Мистер Фо

— Вы говорите то же самое, что и Крузо, когда он научил Пятницу словам «принеси» и «копай». Однако людей нельзя делить на дикарей и англичан, и побуждения, переполняющие сердце Пятницы, не выразишь словами «принеси», «копай», «яблоко», даже словами «корабль» и «Африка». В нем всегда будет звучать голос сомнения, не важно — воплощенный в слова или безымянные звуки и мелодии.

— Если мы посвятим себя, Сьюзэн, поискам кладезя, в который вместились бы такие великие слова, как Свобода, Честь, Блаженство, то мы потратим на это целую жизнь, будем скользить, оступаться и падать, но все наши усилия останутся тщетными. Это слова без жилища, это такие же скитальцы, как и планеты в небе, и с этим ничего не поделаешь. Но спросите себя, Сьюзэн: зачем работорговец украл у Пятницы язык, как не для того, чтобы держать его в подчинении? Сколько бы мы ни придирались к словам друг друга, существо дела от этого не изменится.

— Он не в большем подчинении, чем следующая за мной тень. Он не свободен, но он и не подчинен. Он сам себе хозяин, в том числе и по закону — со дня смерти Крузо.

— И все же он следует за вами, а не вы за ним. Слова, которые вы написали и повесили ему на шею, утверждают, что он свободен, но кто, взглянув на Пятницу, поверит, что он свободен?

— Я не рабовладелец, мистер Фо. И пока вы не успели сказать себе: вот слова истинного рабовладельца! — не следует ли вам остановиться? Не желая меня слушать, не доверяя ни единому моему слову, считая, что все они отравлены низменными побуждениями рабовладельца, вы поступаете со мною не лучше, чем работорговцы, отнявшие у Пятницы его язык.

— Я ни за что не лишил бы вас языка, Сьюзэн. Пусть Пятница побудет в доме. Отправляйтесь на прогулку.
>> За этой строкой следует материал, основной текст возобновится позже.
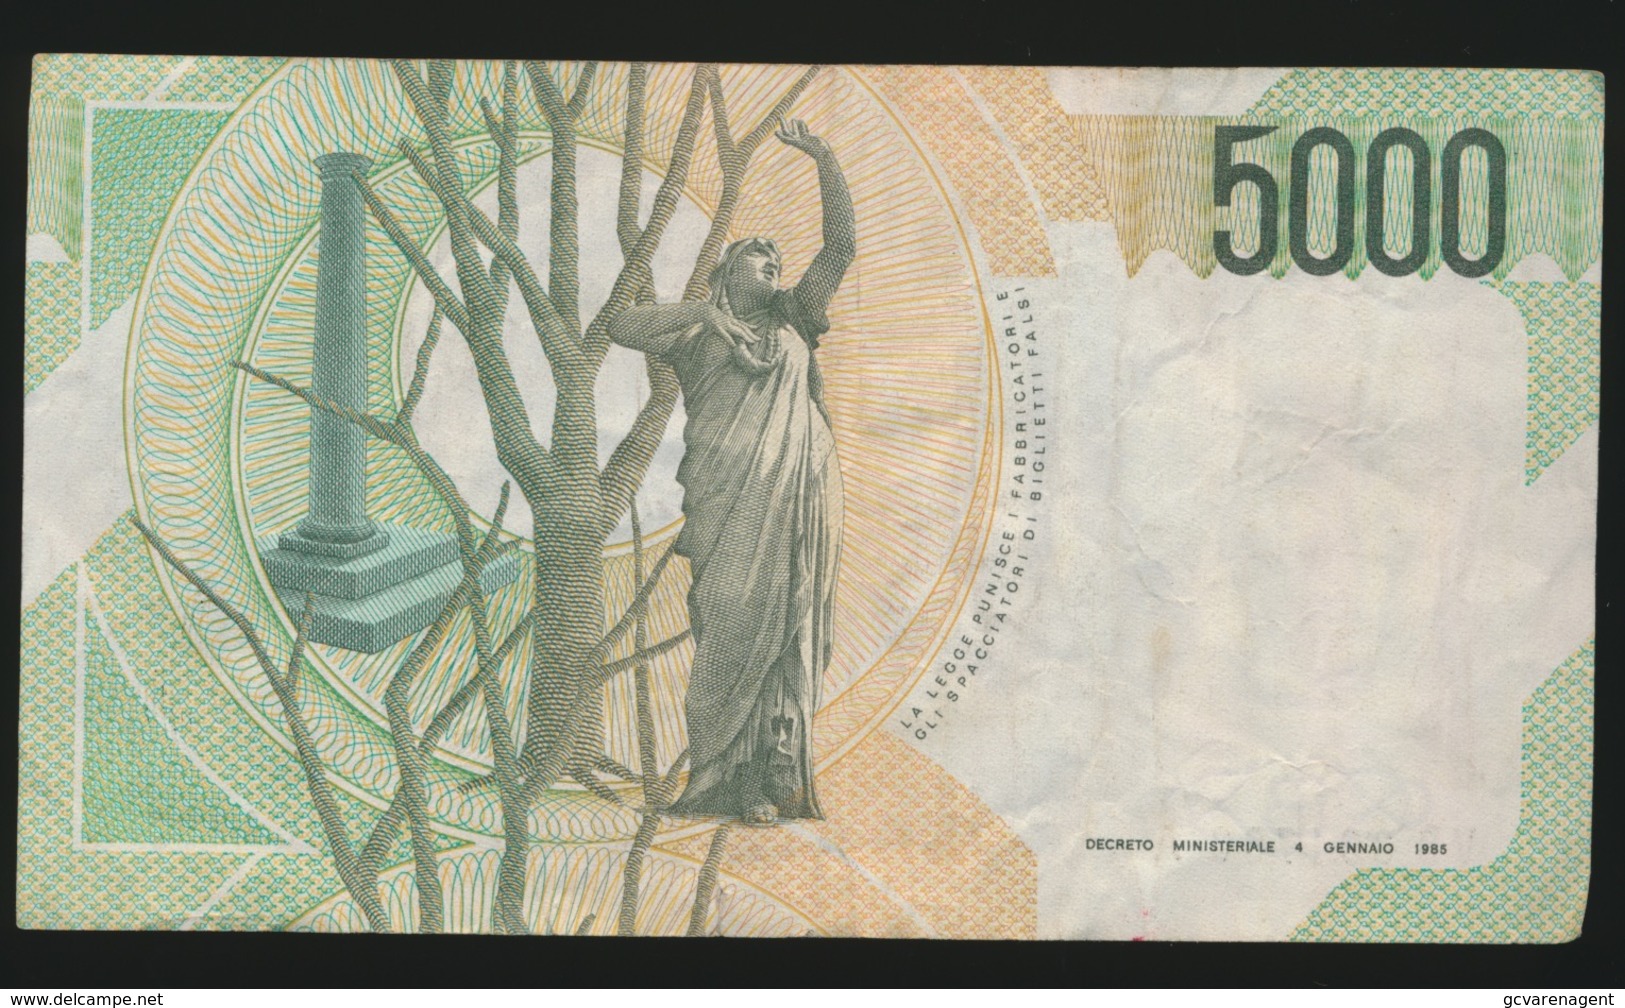 5000 LIRE - 5.000 Lire

Подышите воздухом. Посмотрите, что делается вокруг. Я вынужден прятаться в этом печальном убежище. Будьте моим лазутчиком. Когда вернетесь, вы расскажете мне, как живет мир.

Я вышла погулять, и в уличной суете ко мне вернулось хорошее настроение. Я была несправедлива, виня в своих бедах Пятницу. Если он и не раб, то разве он не беспомощный пленник моего тщеславного желания увидеть свою историю в виде книги? Чем отличается он от тех диких индейцев, которых привозят с собой первопроходцы вместе с длиннохвостыми попугаями, золотыми идолами, индиго, шкурами пантер, чтобы доказать, что они действительно побывали в Америке? Может быть, Фо тоже своего рода пленник? Я обвиняю его в медлительности. Но, может быть, истина в том, что все эти месяцы он пытался сдвинуть с места камень такой тяжести, какая не под силу ни одному человеку, а страницы, выходившие из-под его пера, не были праздной болтовней о куртизанках и гренадерах, как мне раньше казалось, а все той же историей, передаваемой снова и снова в разных версиях и всякий раз мертворожденной: историей острова, столь же безжизненной под его пером, какой она была под моим.

— Мистер Фо, — сказала я. — Я приняла решение.

Но человек, сидевший за письменным столом, не был Фо. Это был Пятница в одежде мистера Фо и его парике, грязном, как птичье гнездо. В его руке, занесенной над бумагами Фо, было гусиное перо, на конце которого поблескивала набухшая капля чернил.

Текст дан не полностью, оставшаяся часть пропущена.